FHS participants who survived free of clinical stroke to age 45 constituted the study sample for this investigation. These 10076 participants (5119 from the Original cohort and 4957 from the Offspring cohort), 5394 of whom were women were followed for up to 56 years through 2005 to the first-ever stroke. This sample was used to estimate age-specific stroke incidence and remaining LTR of stroke. Incident stroke cases (n=1136) were further investigated for prestroke comorbidity and pre- and postdisability, stroke severity, and case fatality rates.

A subset of stroke cases was closely followed for disability as part of a separate study of the precursors and outcomes of stroke (PI: PA Wolf). Participants diagnosed with a stroke, alive, living in the geographic area, and able to participate in a disability evaluation in the acute phase of stroke and at 3 to 6 months poststroke were included in the disability assessment. This assessment was performed on 594 stroke cases (364 women) in the acute phase of stroke and on 205 stroke cases (120 women) in the chronic phase of stroke, at 3 to 6 months poststroke.

Written informed consent was obtained from all participants. The consent form and the study design were approved by the Institutional Review Board of Boston University Medical Center.

Methods
Details of our protocol for stroke surveillance, diagnosis and type of stroke, assessment of stroke severity, and disability after stroke have been published previously.4,13

Stroke was clinically defined as a sudden onset of a focal neurological deficit of a presumed vascular etiology and lasting more than 24 hours. The surveillance for new stroke events involved screening at consecutive cohort examinations, including a medical history that specifically enquired about stroke symptoms and a physical examination. Persons with suspected stroke underwent evaluation by a study stroke neurologist. There was also ongoing daily monitoring of local hospital admissions and emergency room visits, tracking of records for interim hospitalizations, questioning of participants for stroke symptoms in annual telephone health updates, and referrals from ancillary study examinations including those from an ongoing study of brain MRI in all eligible participants from the Original and Offspring cohorts.

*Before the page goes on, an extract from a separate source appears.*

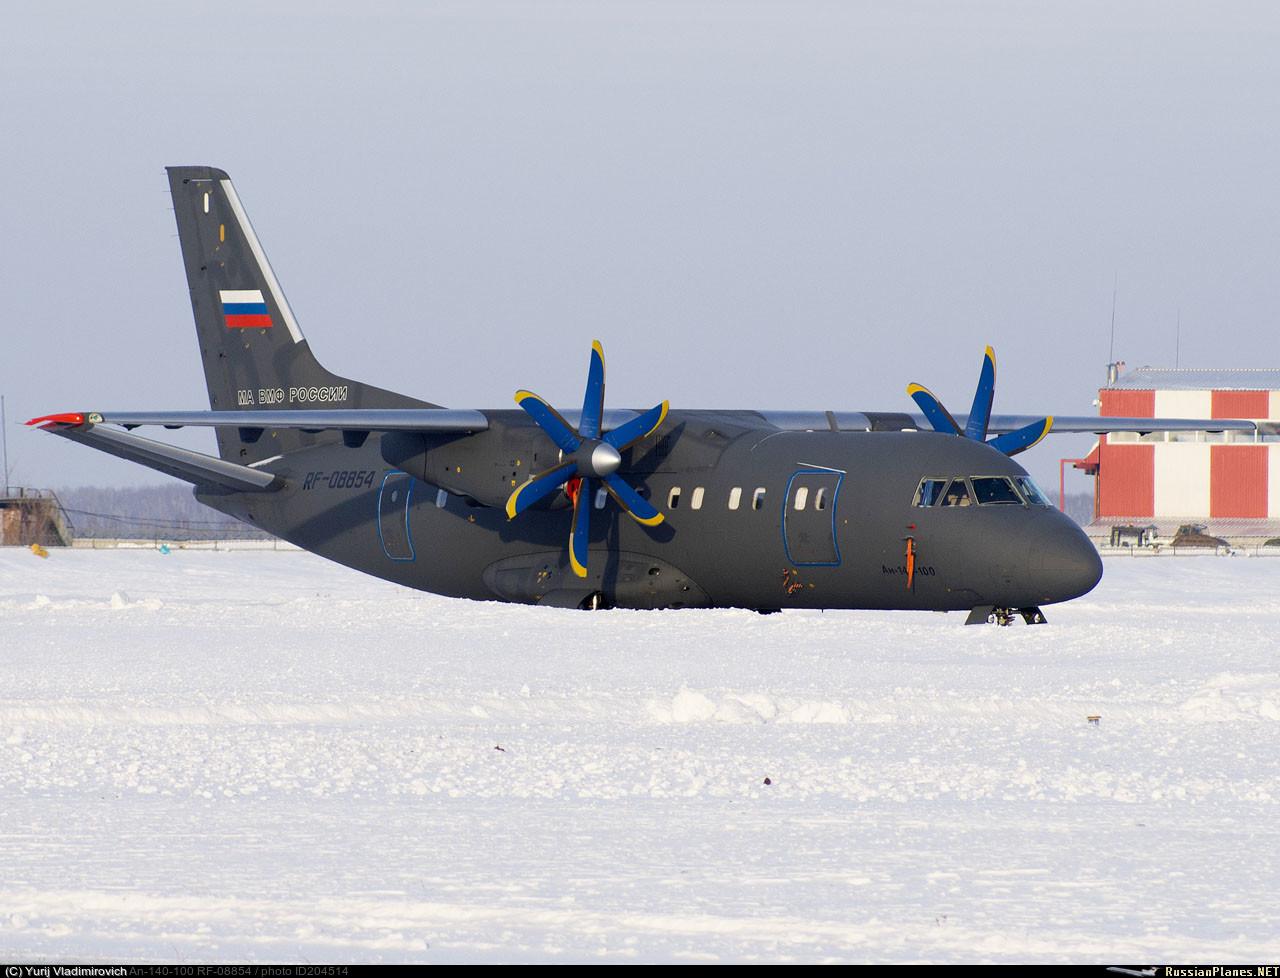 Совершавший перелет в состав Морской авиации Тихоокеанского флота самолет Ан-140-100 (регистрационный номер RF-08854, заводской номер 16А011) во время промежуточной посадки в Толмачево (Новосибирск), 12.02.2017.
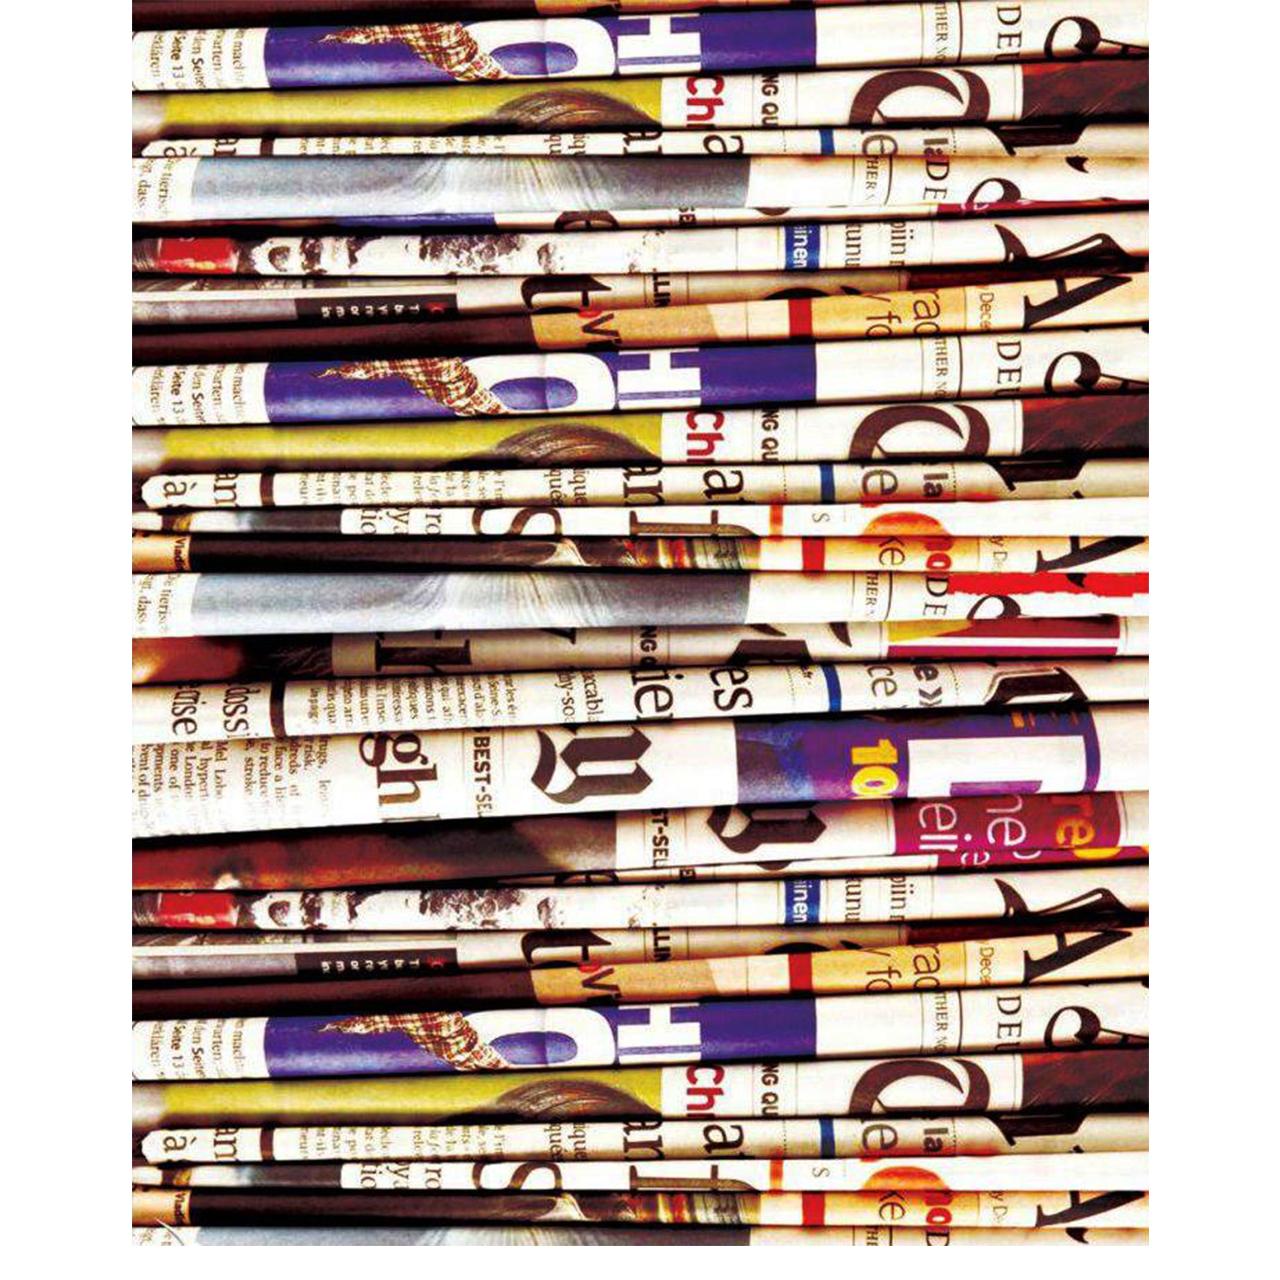 کاغذ کادو طرح روزنامه کد 35 بسته ی 5 عددی

The diagnosis of stroke and stroke subtype was based on preestablished criteria that included clinical, laboratory and noninvasive imaging and vascular studies, cardiac evaluations, and information from autopsy studies, when available. Potential stroke cases were reviewed and adjudicated by a physician review panel of 3 investigators (with a minimum of 2 neurologists).

All ischemic and hemorrhagic strokes were included. Ischemic strokes were classified as atherothrombotic brain infarctions (ABI) or cardioembolic infarctions (CE). Hemorrhagic strokes were classified as intracerebral hemorrhages (ICH) or subarachnoid hemorrhages (SH). Stroke severity was defined according to the neurological deficits identified on examination during the acute phase of stroke and was further classified into 4 categories: none (no deficit), mild (deficit present in visual, motor, sensory, or language domains but without functional impairment), moderate (deficit requiring assistance in 1 of the domains mentioned above), and severe (deficit requiring assistance in at least 2 of the domains). Case fatality rates were defined as the percentage of patients with stroke who died within 30, 90, and 180 days from the onset of stroke.

Disability Assessment
Disability assessment was performed prestroke as part of the ongoing Framingham cycle examinations (done within the 5 years preceeding the stroke) and poststroke (as part of a larger poststroke assessment battery) in the acute phase and at 3 to 6 months, on a subset of cases as described above. We defined physical disability using modified Katz activities of daily living (ADL) scale.22 This scale has been used in other large population-based studies with high test-retest reliability.23,24 The assessment included 5 domains of activity which were eating, dressing, grooming, transfer from bed to chair, and walking. Information about institutionalization was obtained prestroke and at the time of disability evaluation in the acute and 3- to 6-month assessment.

Statistical Analysis
We calculated gender-specific annual stroke incidence per 1000 person-years within 10-year age groups and overall, and used direct standardization to estimate gender-specific age-adjusted stroke incidence. We compared stroke incidence in men and women within age groups and overall using Poisson regression.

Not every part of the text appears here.